To extend your solution to do the pipeline inspection I was talking about, you'd need to create an HTTPTestEnvironment, which puts an empty ArrayList into the ObjectModel (not hard). Then the pipeline code would pick up on this and insert the UnitTestTransformer in between each stage of the pipeline. Once you've done cocoon.process(env), you can get at the DOM objects stored in this ArrayList via the environment's object model. Make sense?

This has worked pretty well so far.

Great.


I think extending the ExaliburTestCase and using mock servlet objects might be better than extedning HTTPUnit since it gives us more flexibility and more access to the raw Coccon request/response.

From my brief reading up on HTTPUnit, it offers two ways to run tests, using an actuall HTTP request, or by running a servlet within its own simulated servlet context. My proposed extension to HTTPUnit would be to add another method - via Cocoon itself. The code to do that would be much the same as you have it for your ExcaliburTestCase, and would offer the user access to Cocoon data if they wanted it (but it would be hidden unless needed).


What I like about HTTPUnit is its rich language for describing web conversations. And that is just as relevant to Cocoon as it is servlets or HTTP testing, it is just the access method that is different.

Some other things I've investigated on the way:

- Jakarta Cactus (http://jakarta.apache.org/cactus/) -- This takes a similar approach by setting up a mock servlet environment to test your servlets in. However, it seemed way to big and complicated to do what I thought would be very simple. Also, I think there is a lot to be gained by unit testing at the pipeline level as you suggest, rather than treating Cocoon like just another servlet.

I skimmed it too, but it didn't seem to fit.


- In my search for a mock implementation of the servlet classes, I came along MockObjects (http://www.mockobjects.com). They have mock objects for much of the Java API, however, their approach didn't really fit into what I was trying to do. Basically, you are supposed to pre-program the mock objects to expect certain method calls (e.g. getHeader should be called with such and such parameters, then getSession should be called, etc). Since I just wanted mock objects good enough to masquerade as a servlet container and get the output from Cocoon, this was not very helpful. However, perhaps a similar methodology could be adapted where you could pass in the expected XML for each pipeline step -- I think you had this idea in our previous exchanges.
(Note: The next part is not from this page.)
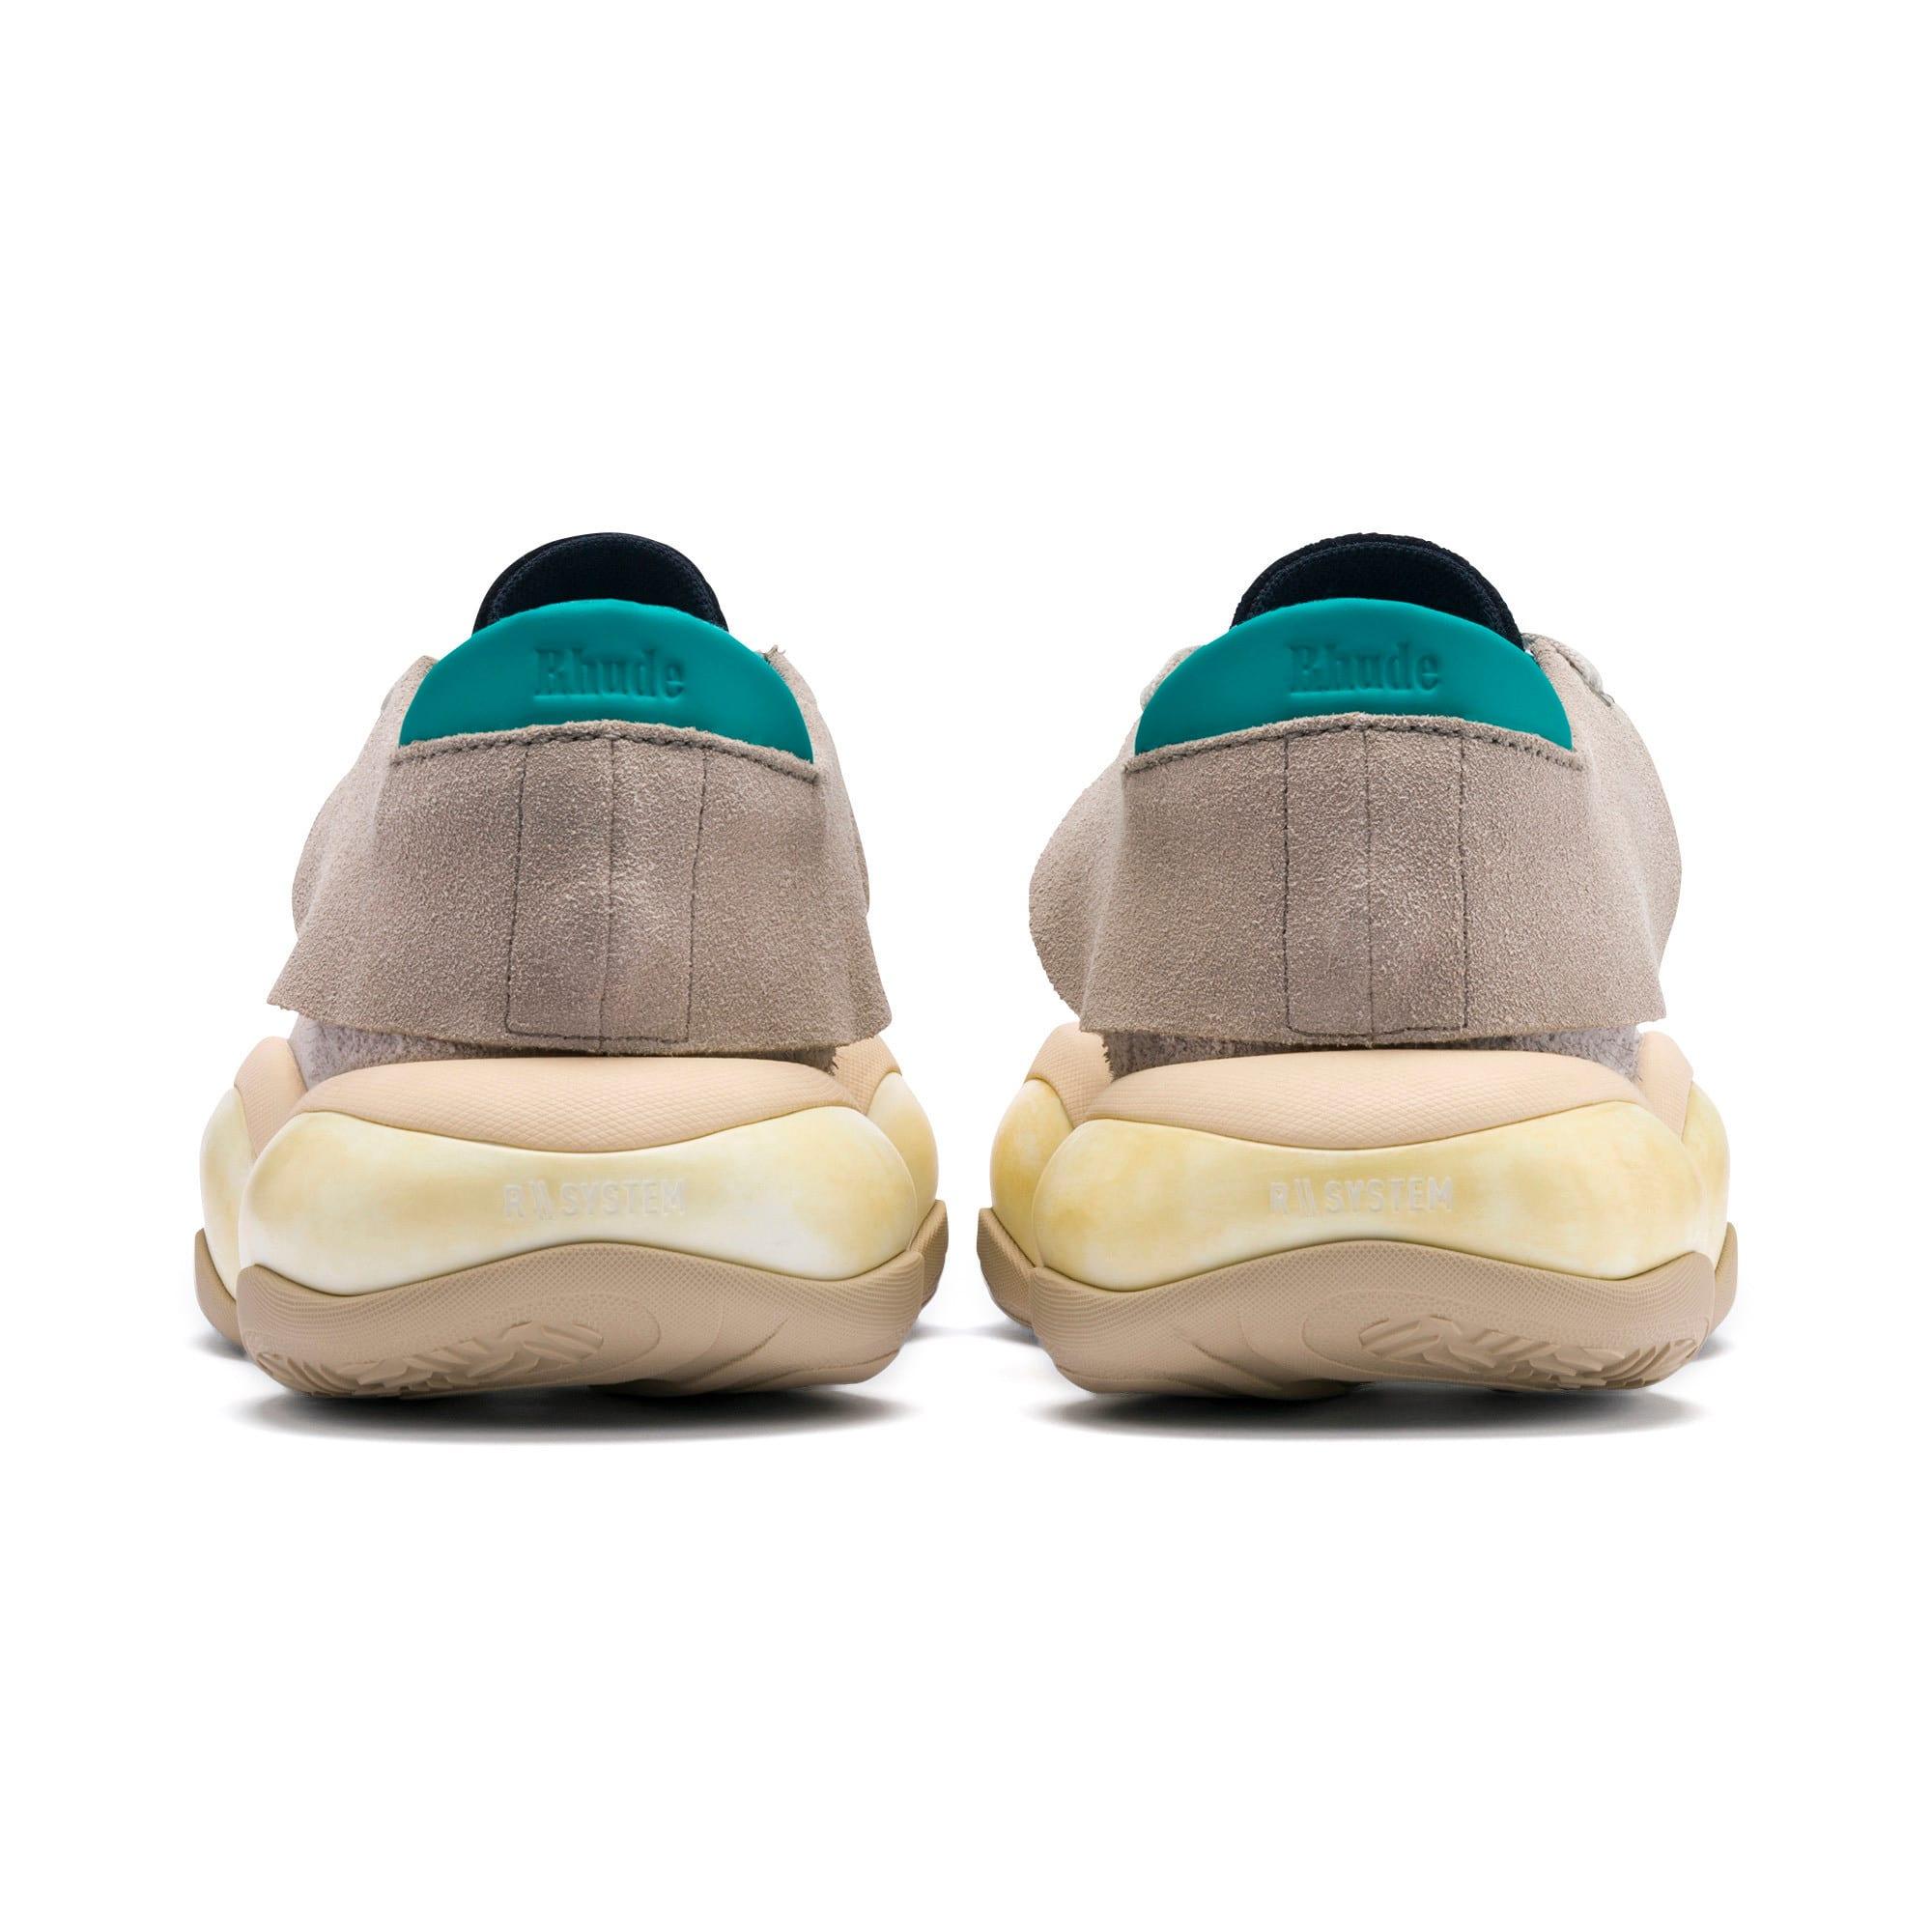 Thumbnail 3 of PUMA x RHUDE Alteration Sneakers, Chinchilla-Whisper White, medium
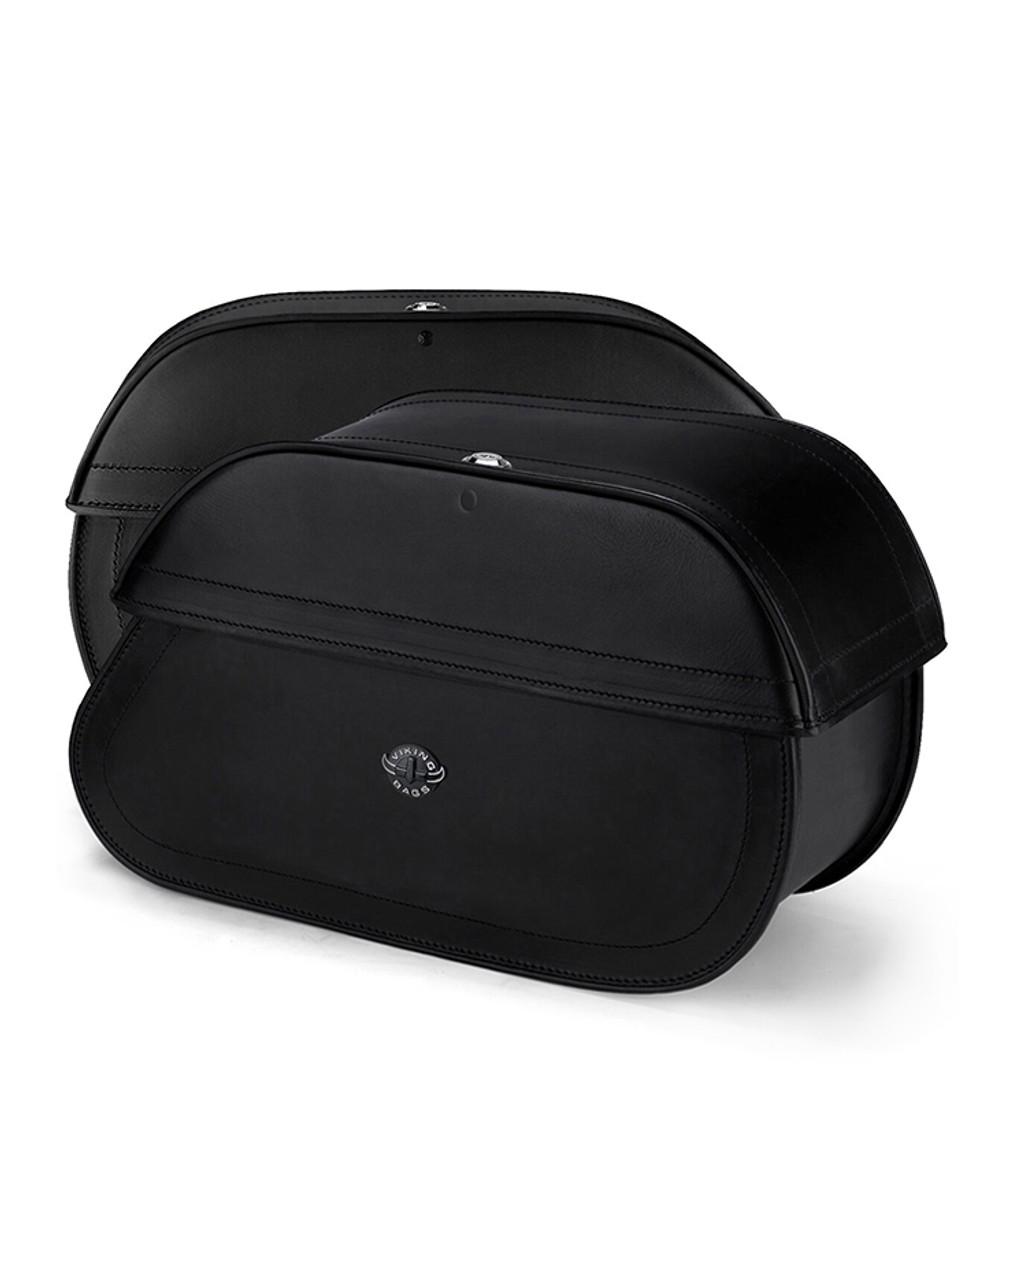 Suzuki Boulevard C90,VL1500, Intruder Hammer Series Extra Large Luggage Both Bags View

I haven't thought about this side of things that much - I guess I would create my own objects that implement o.a.c.environment.Request/Response, etc, e.g. HTTPUnitTestEnvironment, rather than using mocks.


And finally, on a somewhat unrelated subject, one thing that I've always wanted Cocoon to do may be possible if support for collecting the XML at each pipeline step is added. To aid in debugging, I think it would be very helpful to switch on some kind of debug mode, that would cause a trace of what pipeline steps where executed and the state of the XML at each step to be printed out at the bottom of each page you output to the browser. This way it is easy for a developer to see the path though the pipelines the request took, as well as a snapshot of the XML each step of the way.

I've never looked at it (and probably should), but I think the logTransformer does that, although it isn't transparent, which is what I'm proposing.


Thanks for taking the time to respond to my message. I suspect that if we work together on this one, we could come up with something really neat.